Das Telefon klingelt, sofort eilt Krankenpfleger Theo Eberson zu seinem Auto. Er ist auf Menschen mit psychischen Problemen spezialisiert. Am Telefon ist die Polizei: Eberson soll die mentale Gesundheit eines Mannes feststellen, den sie gerade festgenommen haben. Auf der Wache angekommen schildert der Polizist ihm den Fall: Der Mann habe in einem Hausflur eines großen Apartmentblocks auf Türen eingeschlagen. Als ihn ein aufgebrachter Anwohner aufforderte zu gehen, brach ein Streit aus.
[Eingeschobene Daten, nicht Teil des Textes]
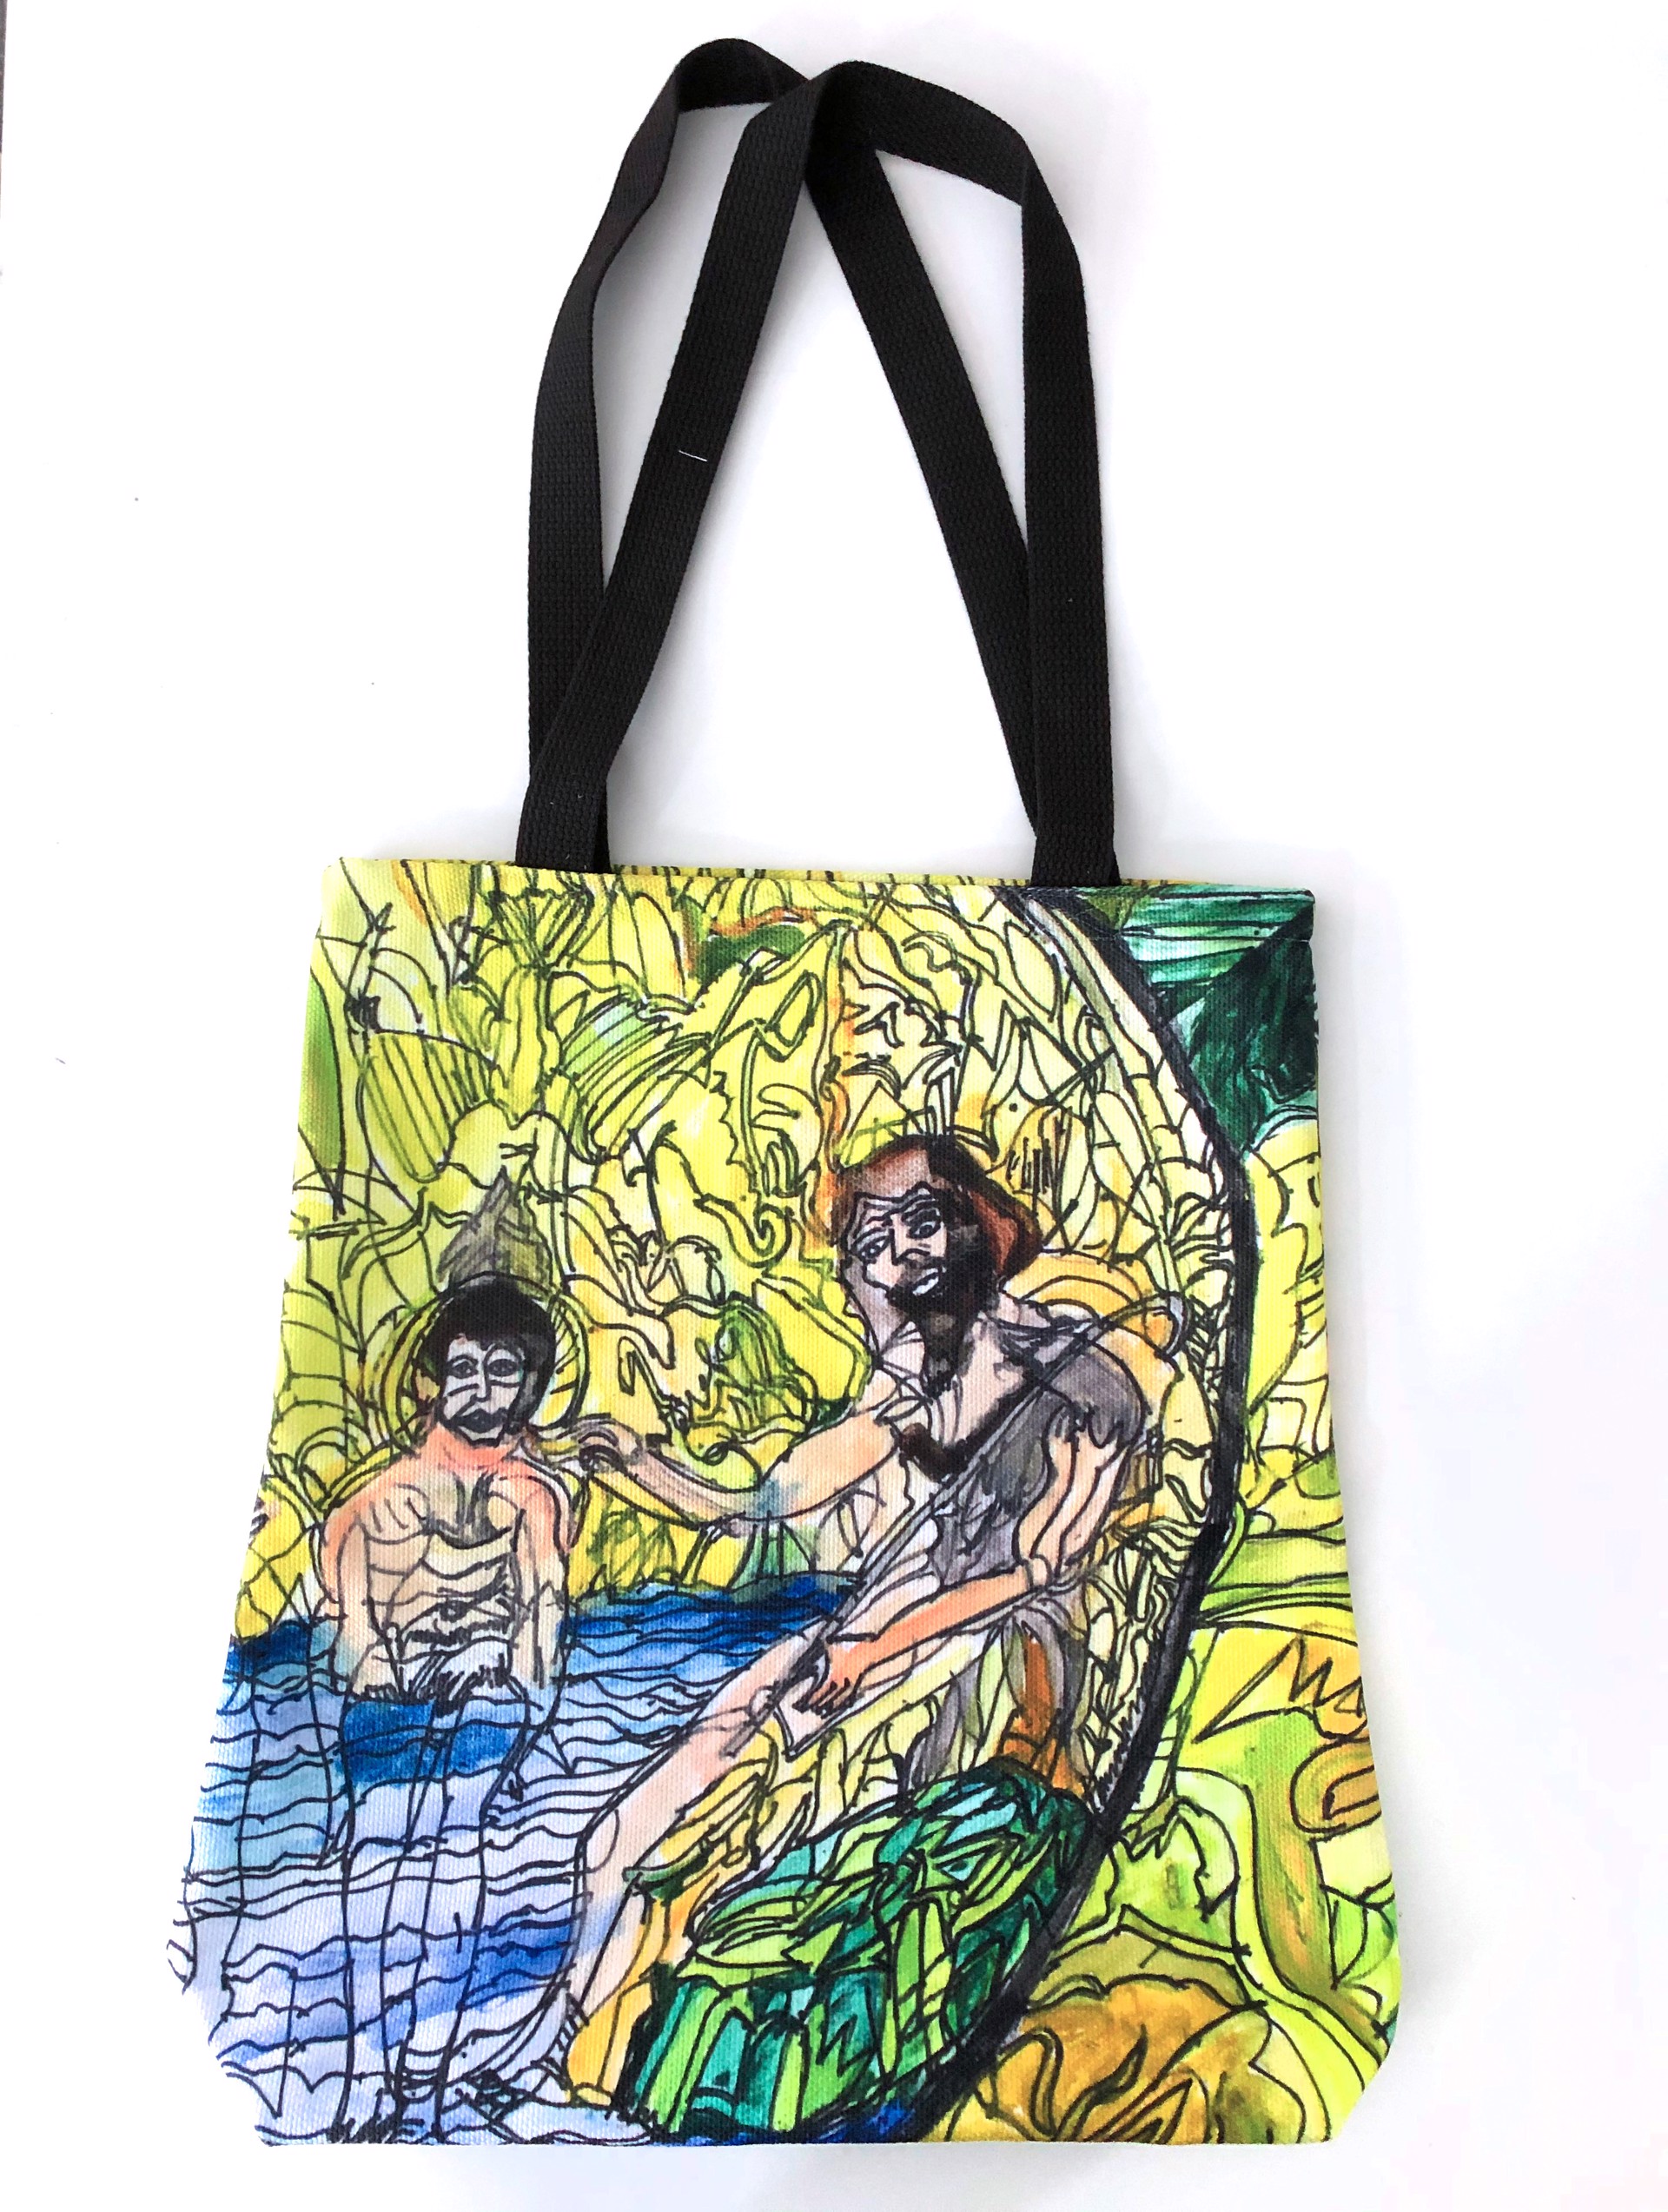 Raymond Lewis "Washing Up" tote bag by Art Enables Merchandise

"Wir wollen wissen, ob man etwas für den Mann tun kann", sagt der Polizeikommissar Mike De Wit. Er öffnet die Tür zur Zelle und lässt Krankenpfleger Theo Eberson herein. Eberson erklärt dem Mann, dass er von der kommunalen Gesundheitsbehörde kommt und nur mit ihm sprechen will. Doch der Mann antwortet kaum. Er liegt auf der Zellenbank, zittert und hat Schwierigkeiten, seine Augen offen zu halten. Behutsam erklärt Theo Eberson, dass er jetzt einen Krankenwagen rufen werde, der den Mann ins Krankenhaus bringt.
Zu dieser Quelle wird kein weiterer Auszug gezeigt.